The Supreme Court is an institution rooted in slavery see and still carries the brand.
My art can be found on Instagram @klonskyart.
As we were heading home from Saturday’s Chicago protest of the impending Supreme Court decision to overturn fifty years of Roe, I ran into an old friend.
Both of us have been through decades of struggles against wars and racism. We have the receipts and battle scars we wear proudly.
“I can’t believe they did this,” she said.
“Who?” I asked.
“The Supreme Court!” she yelled.
You see?
Even after decades of fighting the system, even the most seasoned of our social justice veterans have an expectation of justice.
And we can still be disappointed, even surprised, that it fails to deliver it so often.
But the Supreme Court, like many American institutions, was birthed by the system of slavery and still bears its brand.
It is a thoroughly undemocratic institution with life-time membership. Five of the current members were appointed by presidents who were elected by a minority of voters. For most of the Court’s history it excluded all but white men.
Most justices will likely be on the Court for the next quarter century. There is no legal recourse to a decision they make.

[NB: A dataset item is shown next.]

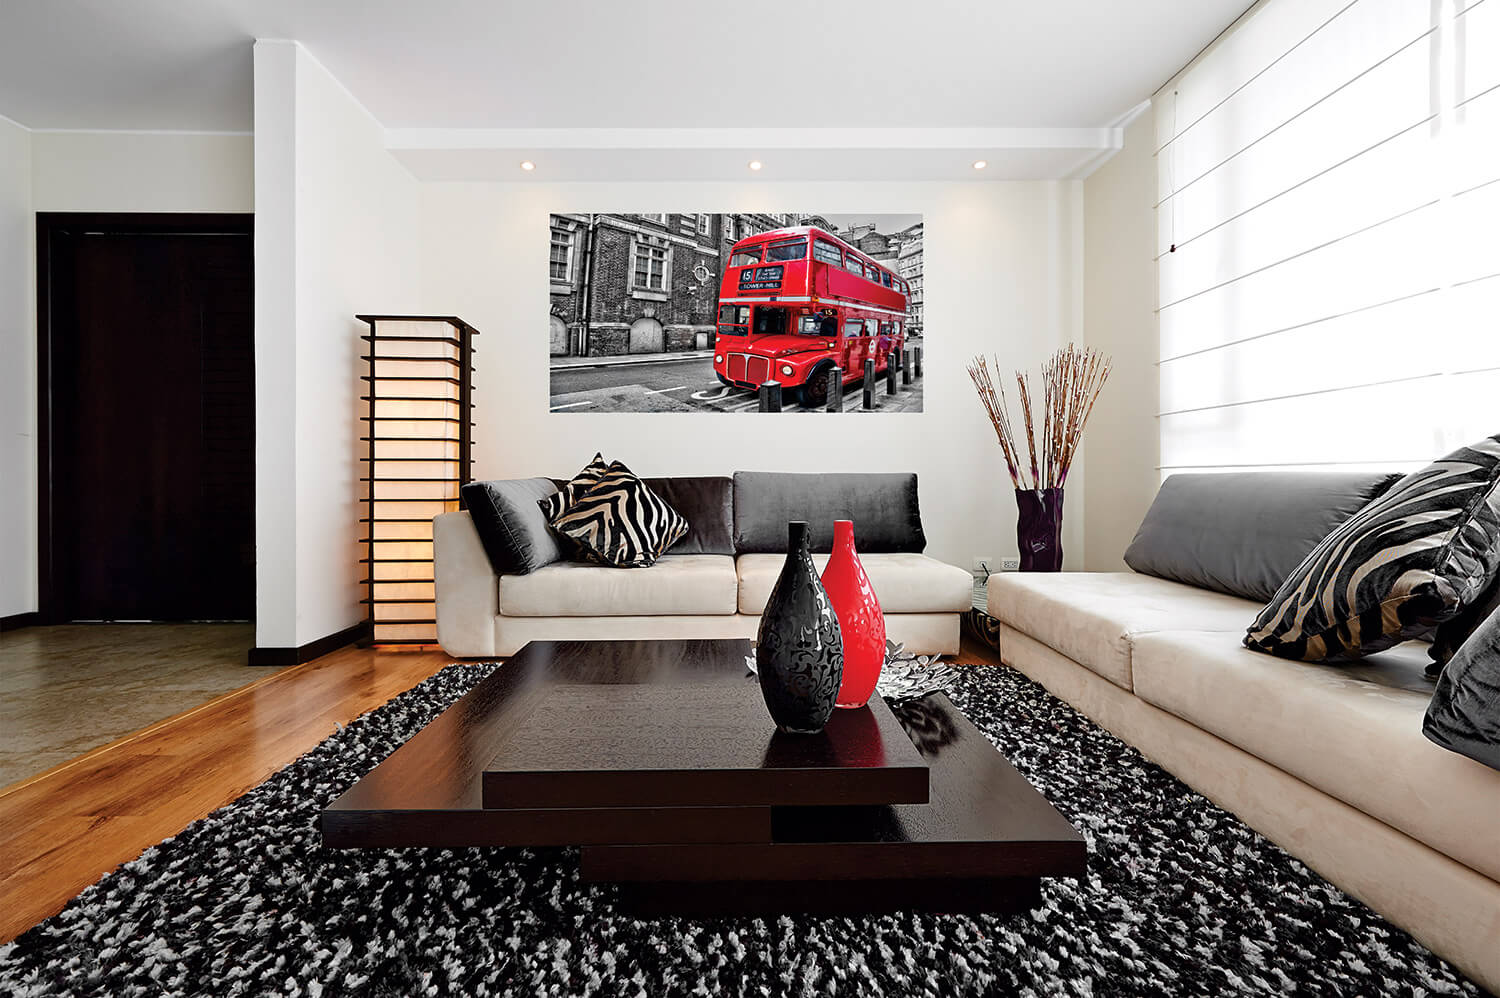 london bus - glass feature wall ideas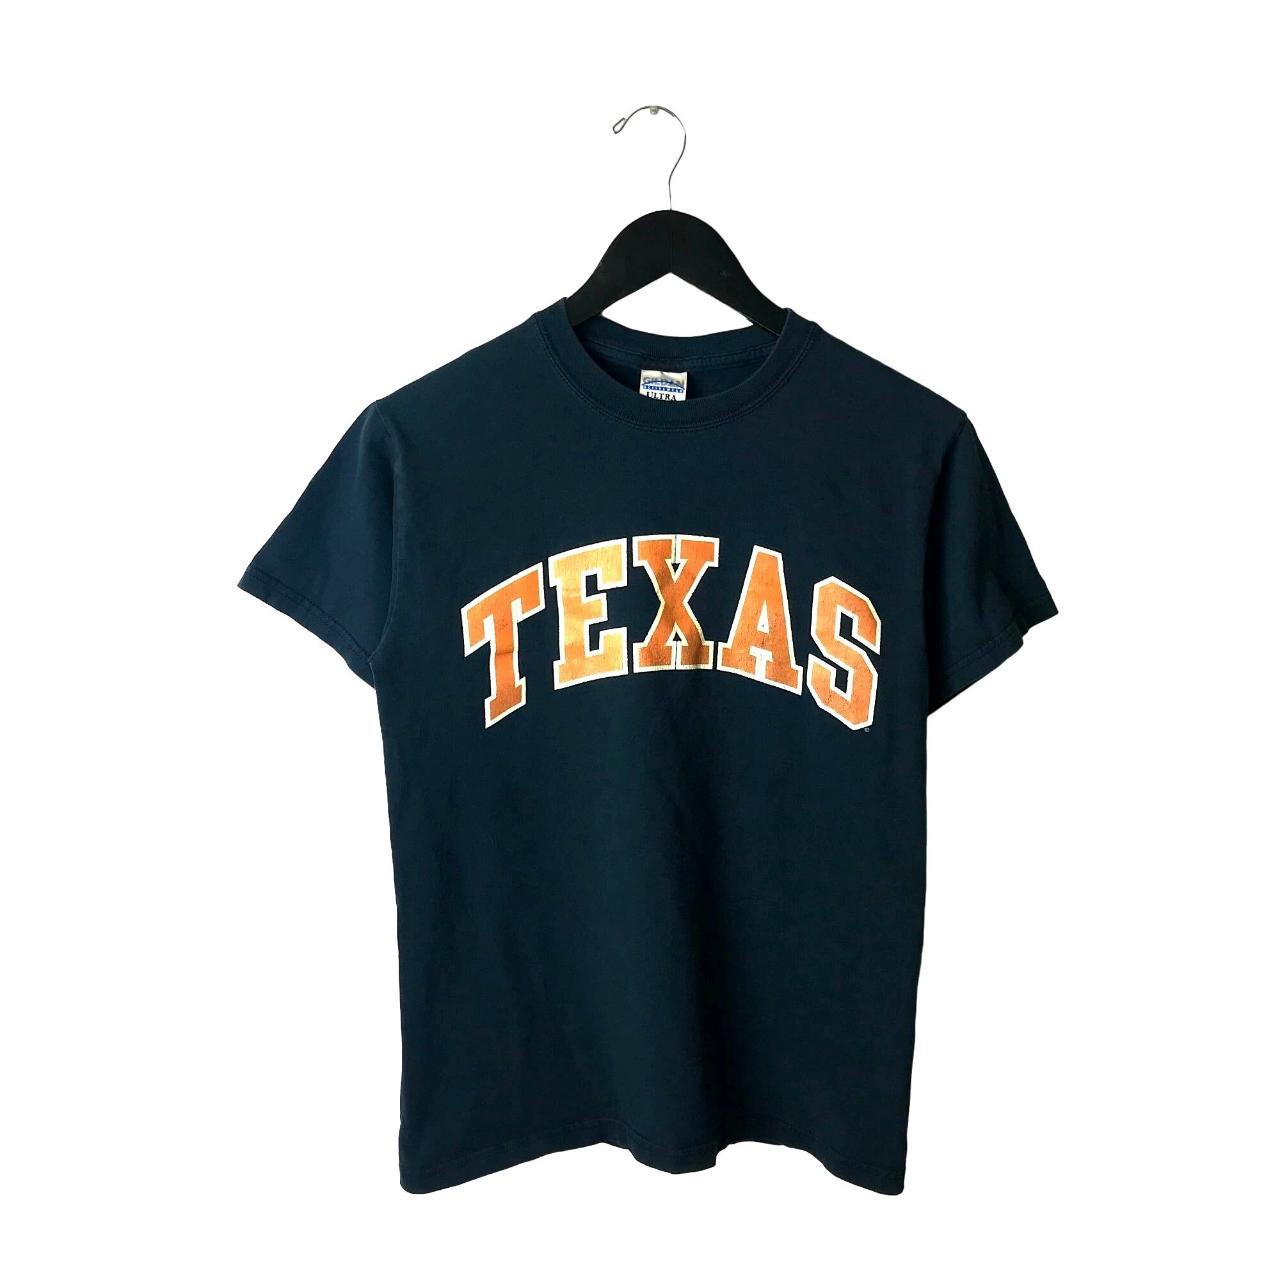 00s Vintage Texas State T Shirt Classic Graphic Tee... - Depop

The Dred Scott decision of 1857 ruled that the framers believed Black people were “beings of an inferior order” and “so far inferior that they had no rights which the white man was bound to respect and that the Negro might justly and lawfully be reduced to slavery for his benefit.”
It took The Civi War to over turn that decision.
Ian Millhiser at Vox does a good job of tracing the Court’s reactionary history.
I do not believe that relief will be found in the courts from this terrible decision in my life-time
States’ rights, the theory that was invented to protect slavery, will be their defense.
We will need to find another route of attack.